When the set can be made into a square matrix, such as $ \begin{bmatrix} 1 \\ 0\end{bmatrix}, \begin{bmatrix} 1 \\ 3\end{bmatrix} $, the determinate $ det(\begin{bmatrix} 1 & 1 \\ 0 & 3\end{bmatrix}) $ can be used, where a non-zero number means linearly independent, otherwise it is dependent.

However, I'm not sure how to work it out with a set that does not generate a square matrix and hence cannot use the determinate such as $ \begin{bmatrix} 1 \\ 0 \end{bmatrix} , \begin{bmatrix} 0 \\ 1 \end{bmatrix} , \begin{bmatrix} 1 \\ 3 \end{bmatrix} $ or $ \begin{bmatrix} 1 \\ 0 \\ 0 \end{bmatrix} , \begin{bmatrix} 1 \\ 2 \\ 0 \end{bmatrix} $?

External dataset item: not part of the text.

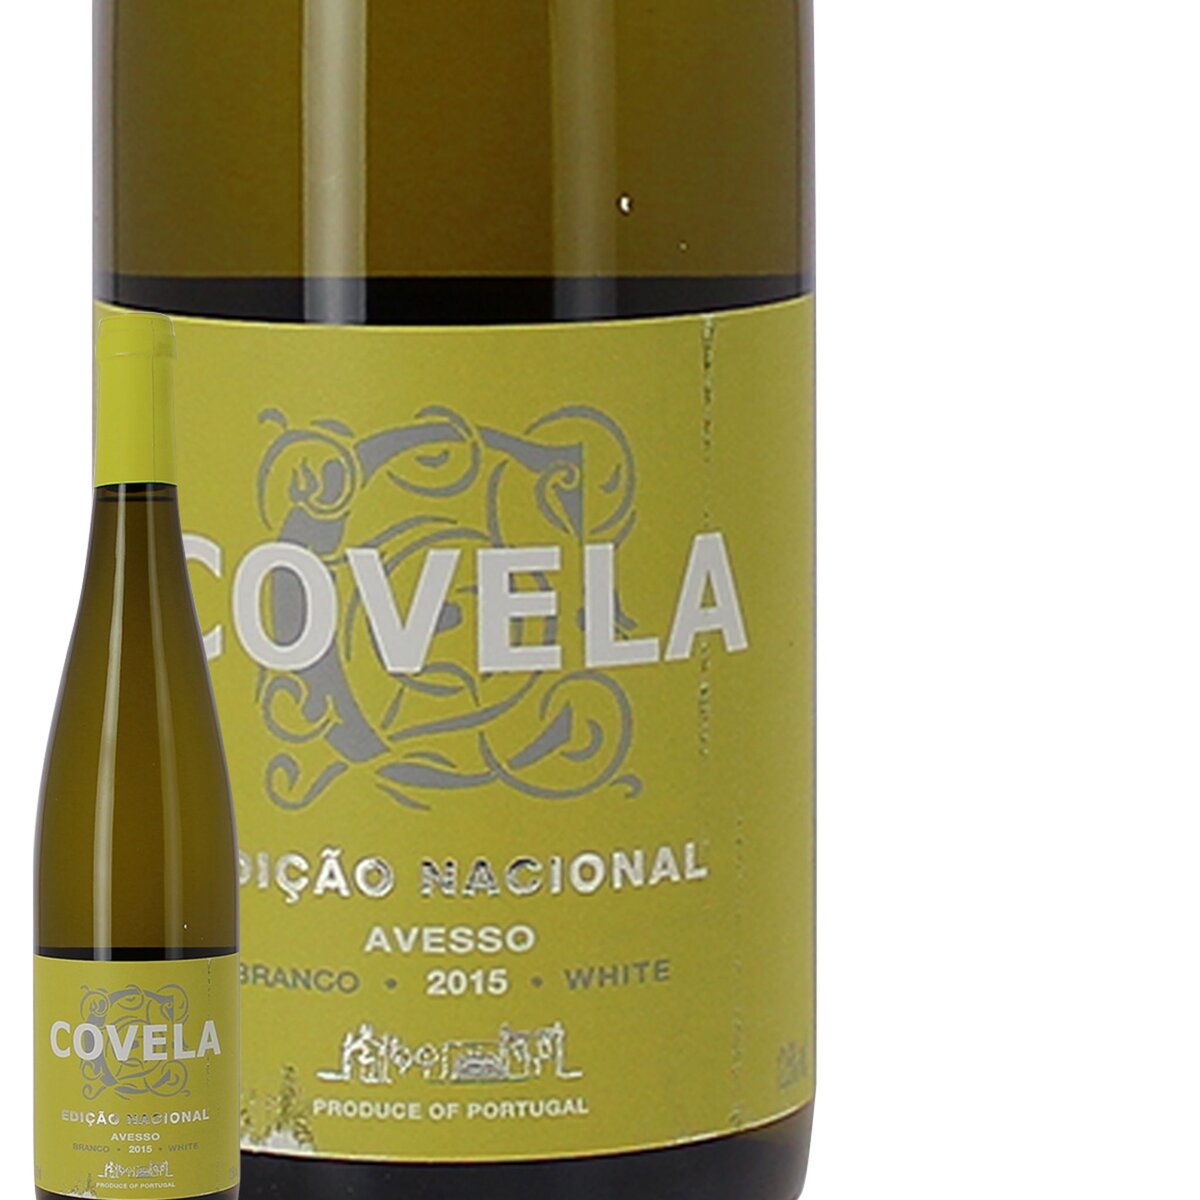 Covela Avesso Vinho Verde Edicao Nacional Portugal Blanc 2015

Another rule I could see that may apply here is that if $ c_1 \mathbf v_1 + c_2 \mathbf v_2 + ... + c_n \mathbf v_n = 0 $ then the vectors are said to be linearly dependent, however applying this rule to the example of $ \begin{bmatrix} 1 \\ 0 \end{bmatrix} , \begin{bmatrix} 0 \\ 1 \end{bmatrix} , \begin{bmatrix} 1 \\ 3 \end{bmatrix} $ produces two equations with three unknowns.

What is the proper way of finding if a set of matrices are linearly dependent or independent where the sets don't produce a square matrix?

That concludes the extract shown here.